• [EXERCISE BRIEF] Strip out all images, then restate the data verbatim.

• [RAW DATA]
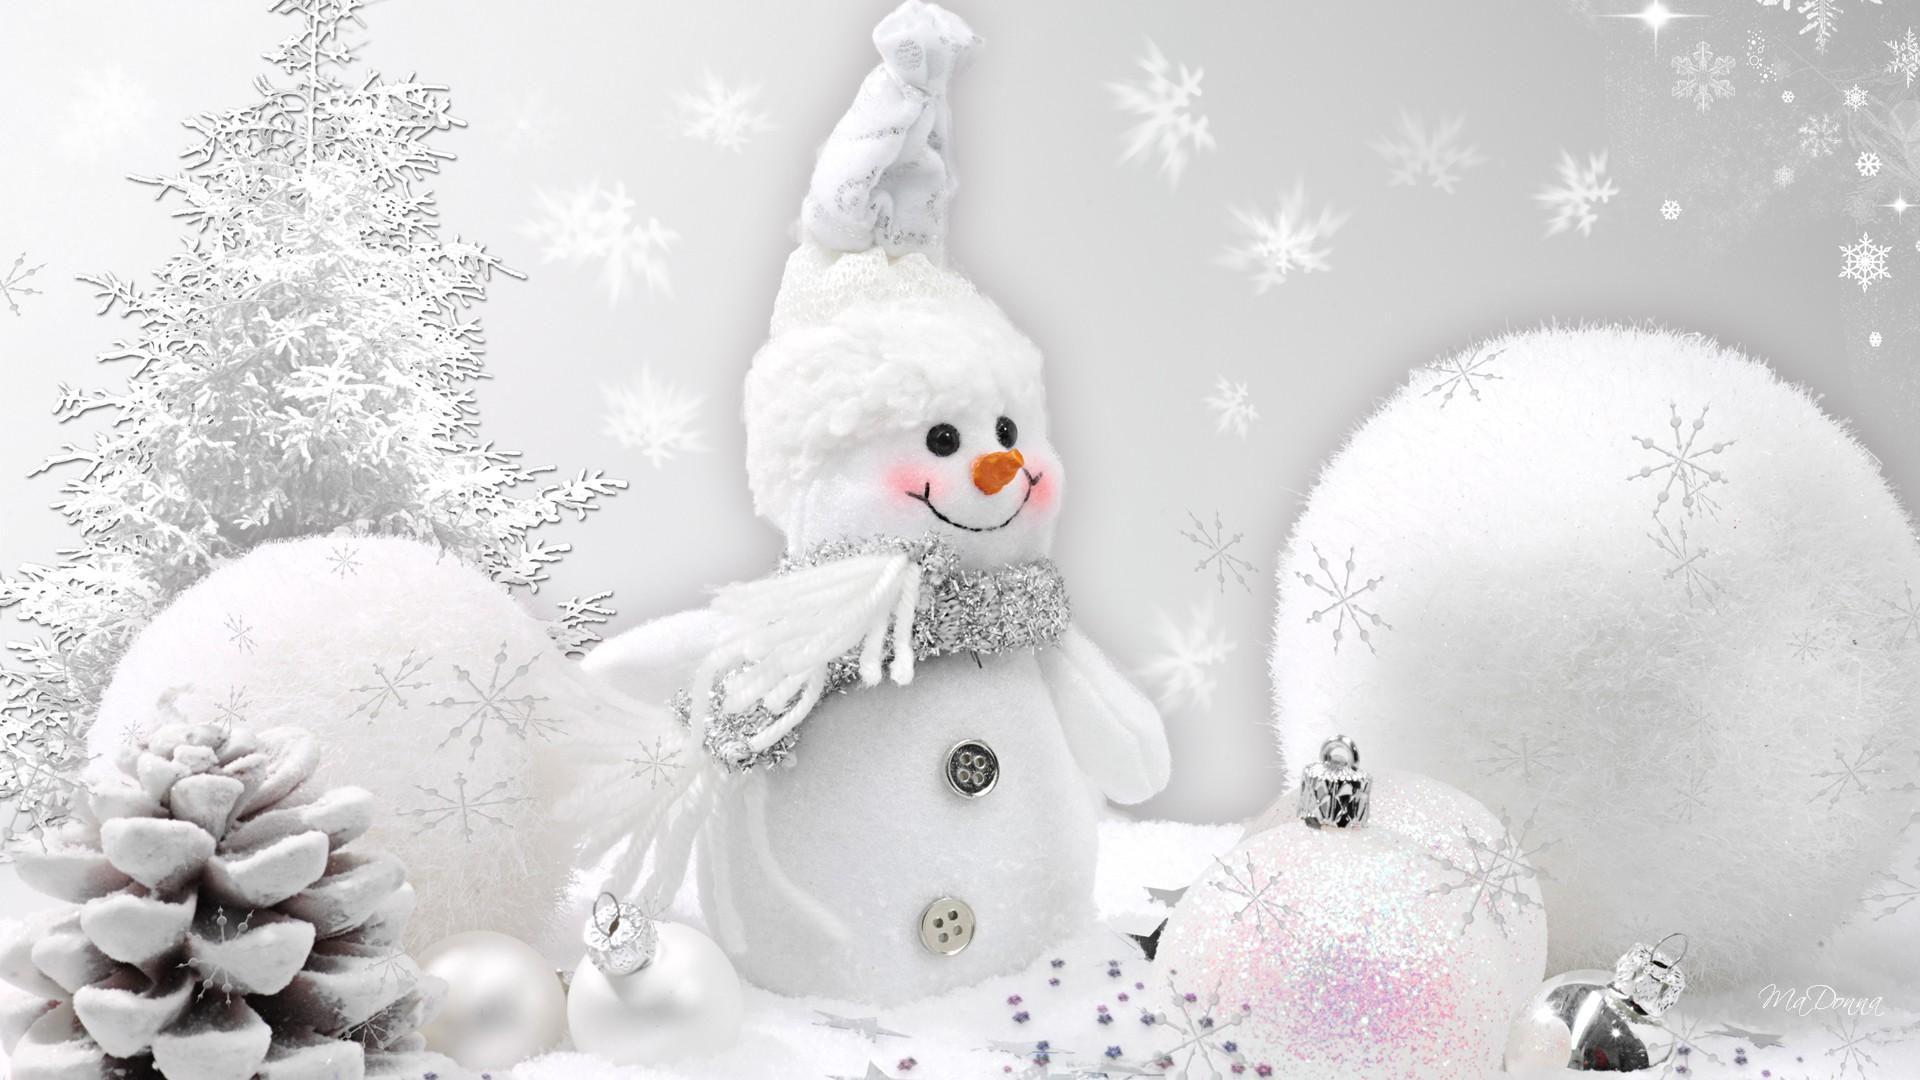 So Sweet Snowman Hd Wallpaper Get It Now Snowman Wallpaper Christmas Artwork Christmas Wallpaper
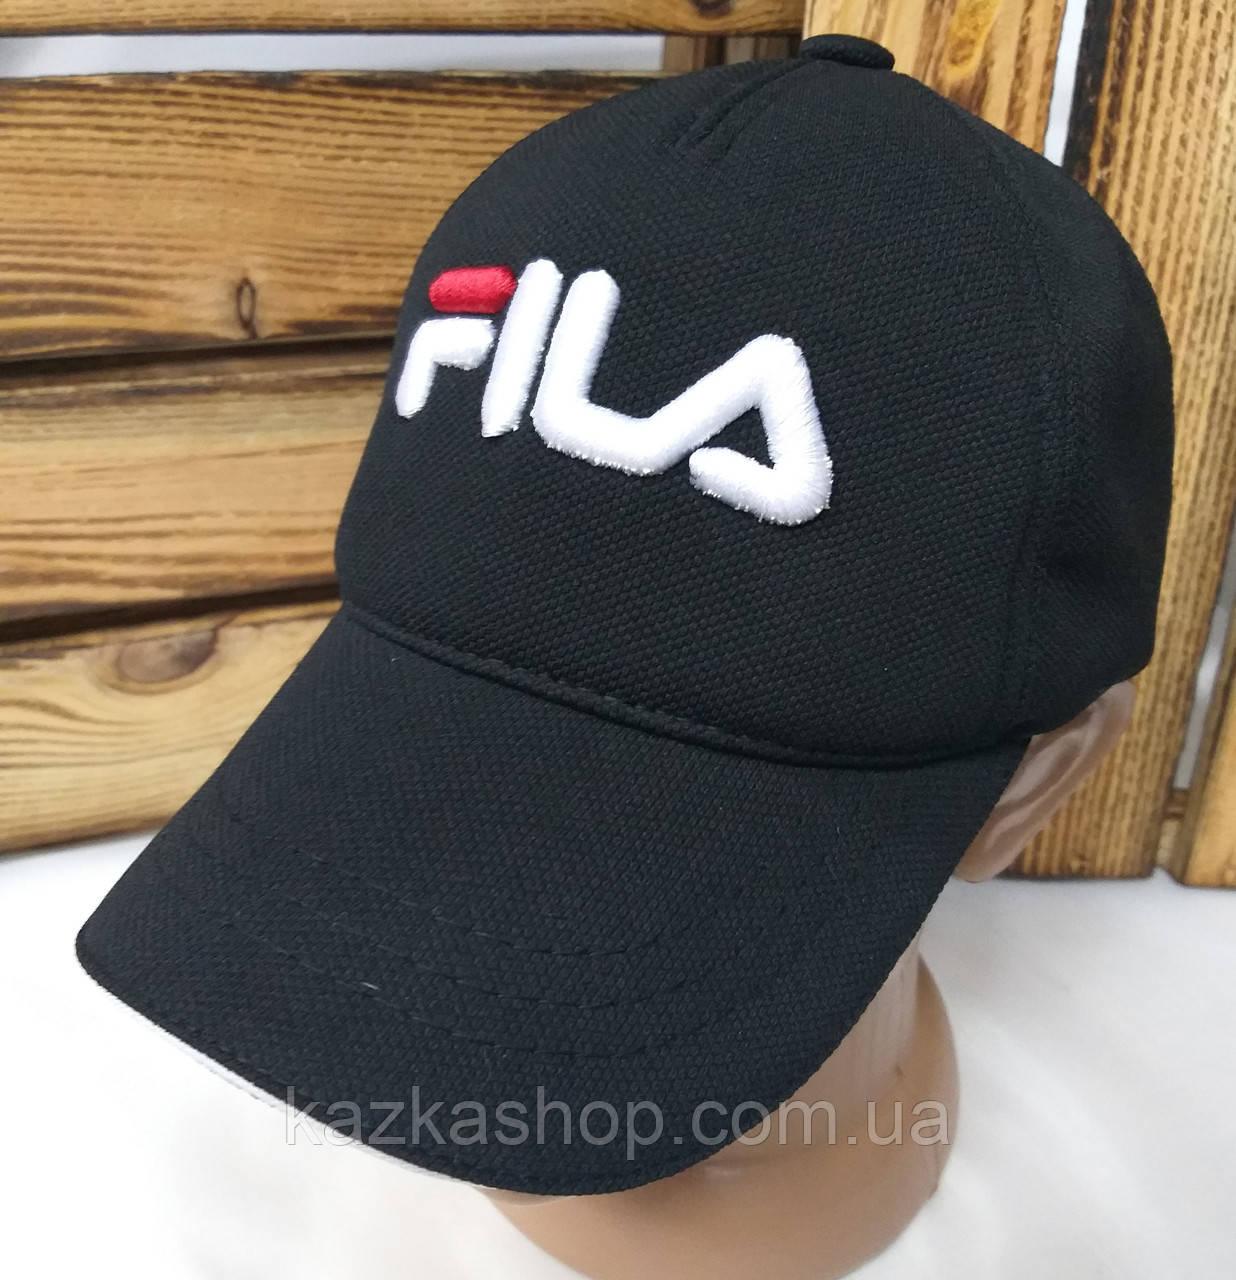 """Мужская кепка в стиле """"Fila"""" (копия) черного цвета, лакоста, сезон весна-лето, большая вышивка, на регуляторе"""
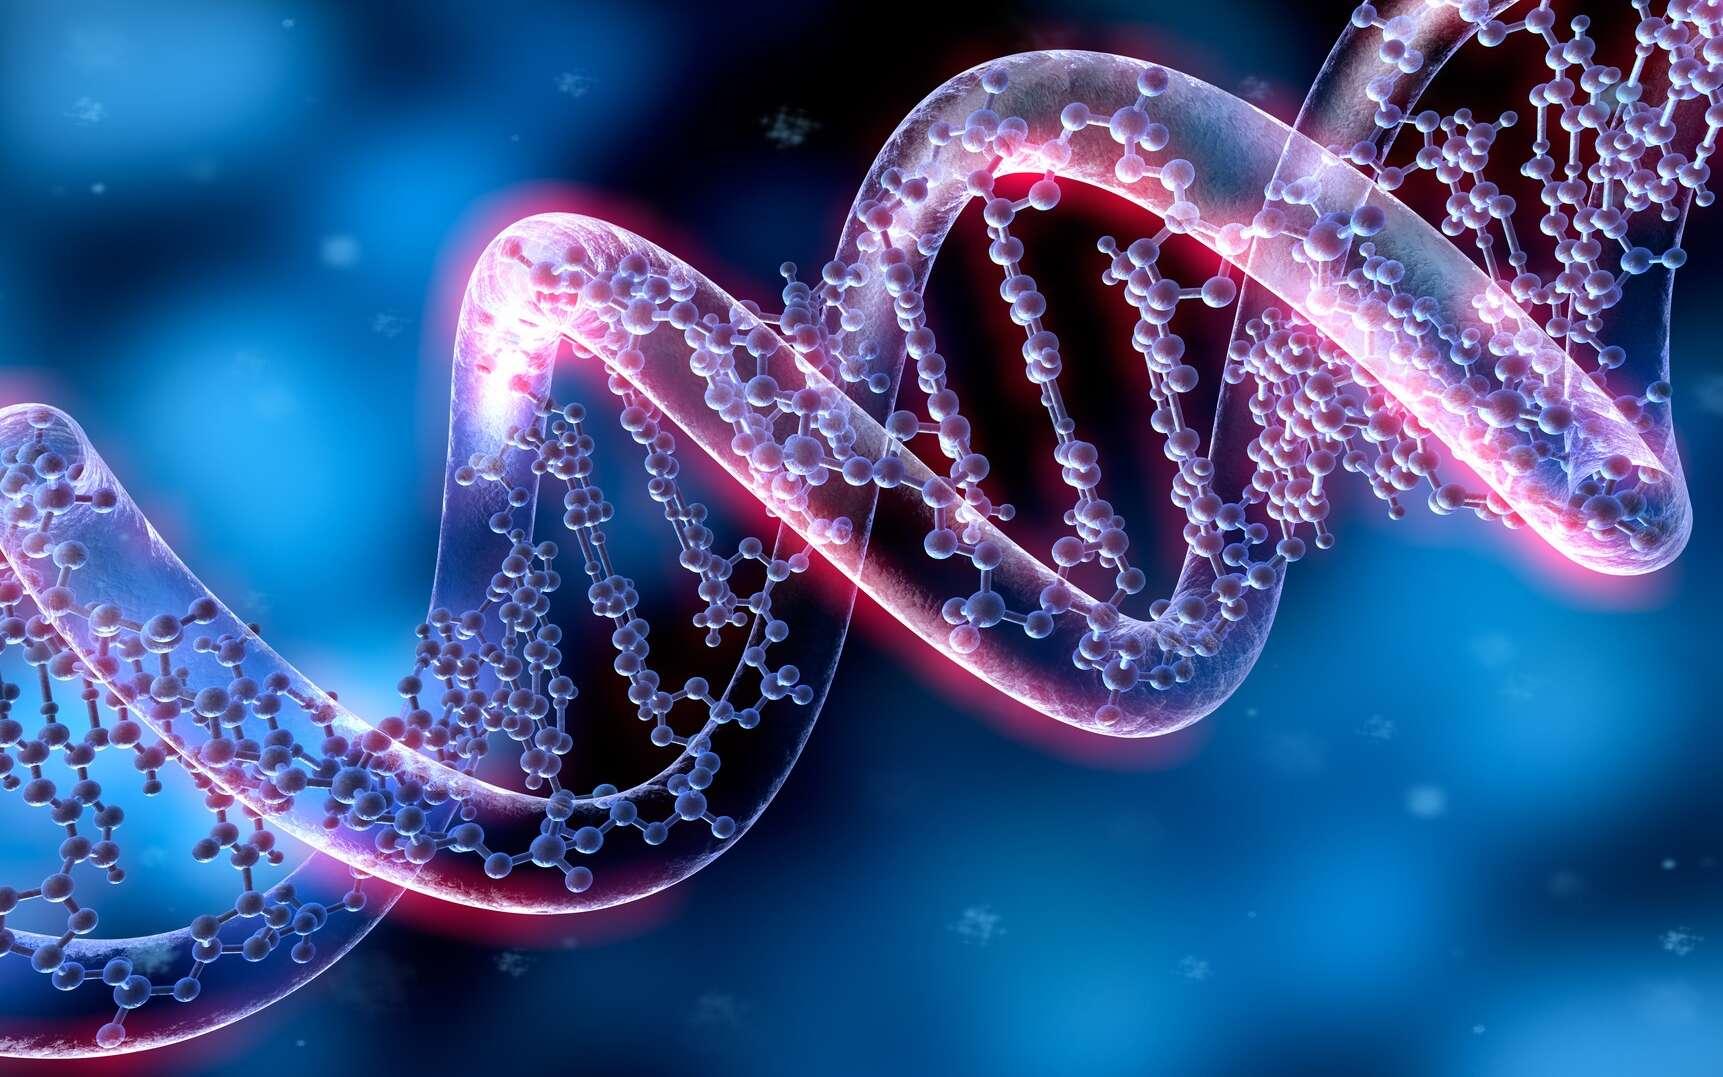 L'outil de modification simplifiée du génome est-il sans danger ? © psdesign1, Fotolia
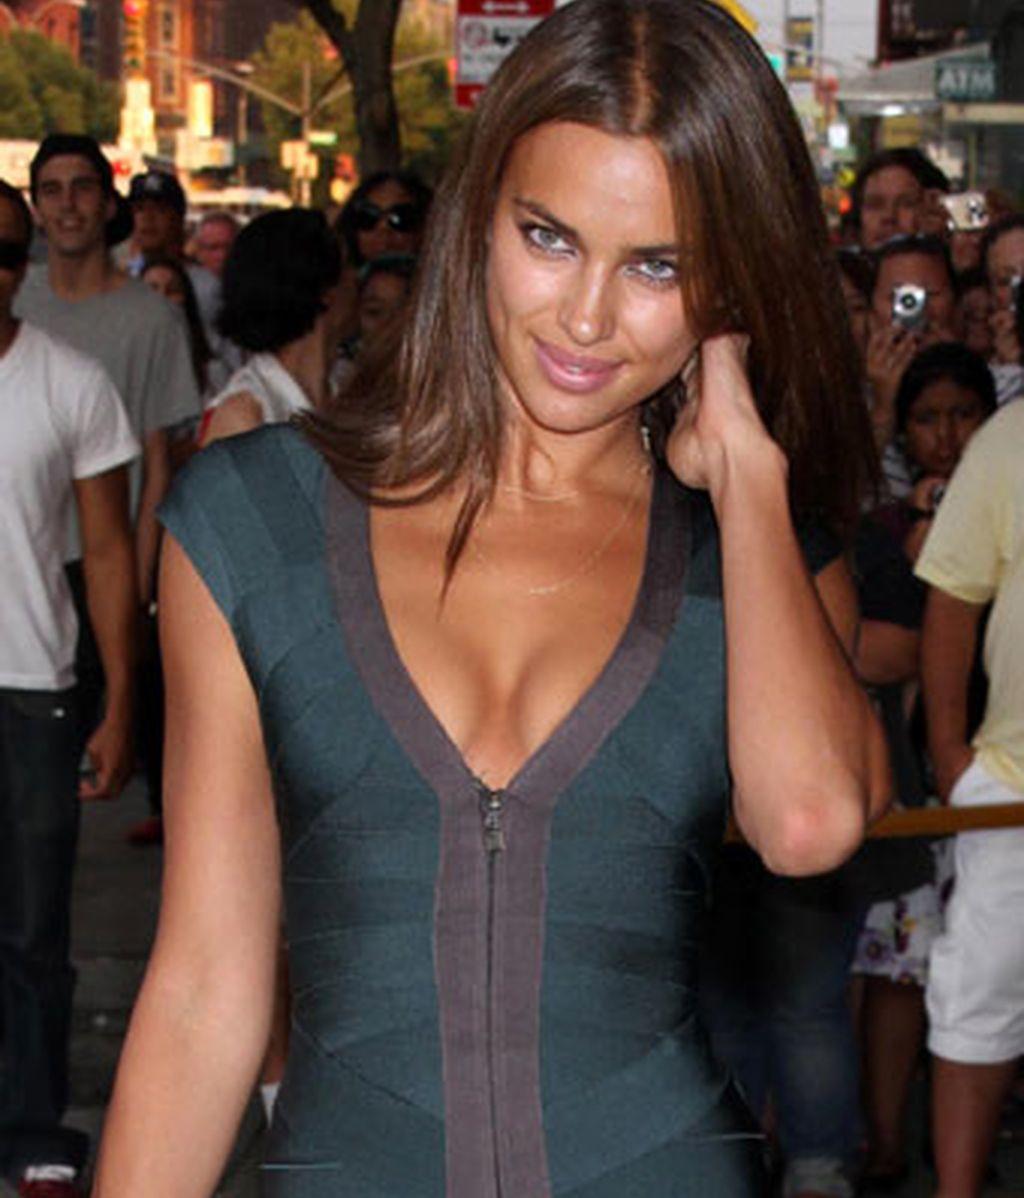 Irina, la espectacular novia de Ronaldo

• [RESPONSE TO THE EXERCISE]
 So Sweet Snowman Hd Wallpaper Get It Now Snowman Wallpaper Christmas Artwork Christmas Wallpaper
 """Мужская кепка в стиле """"Fila"""" (копия) черного цвета, лакоста, сезон весна-лето, большая вышивка, на регуляторе"""
 L'outil de modification simplifiée du génome est-il sans danger ? © psdesign1, Fotolia
 Irina, la espectacular novia de Ronaldo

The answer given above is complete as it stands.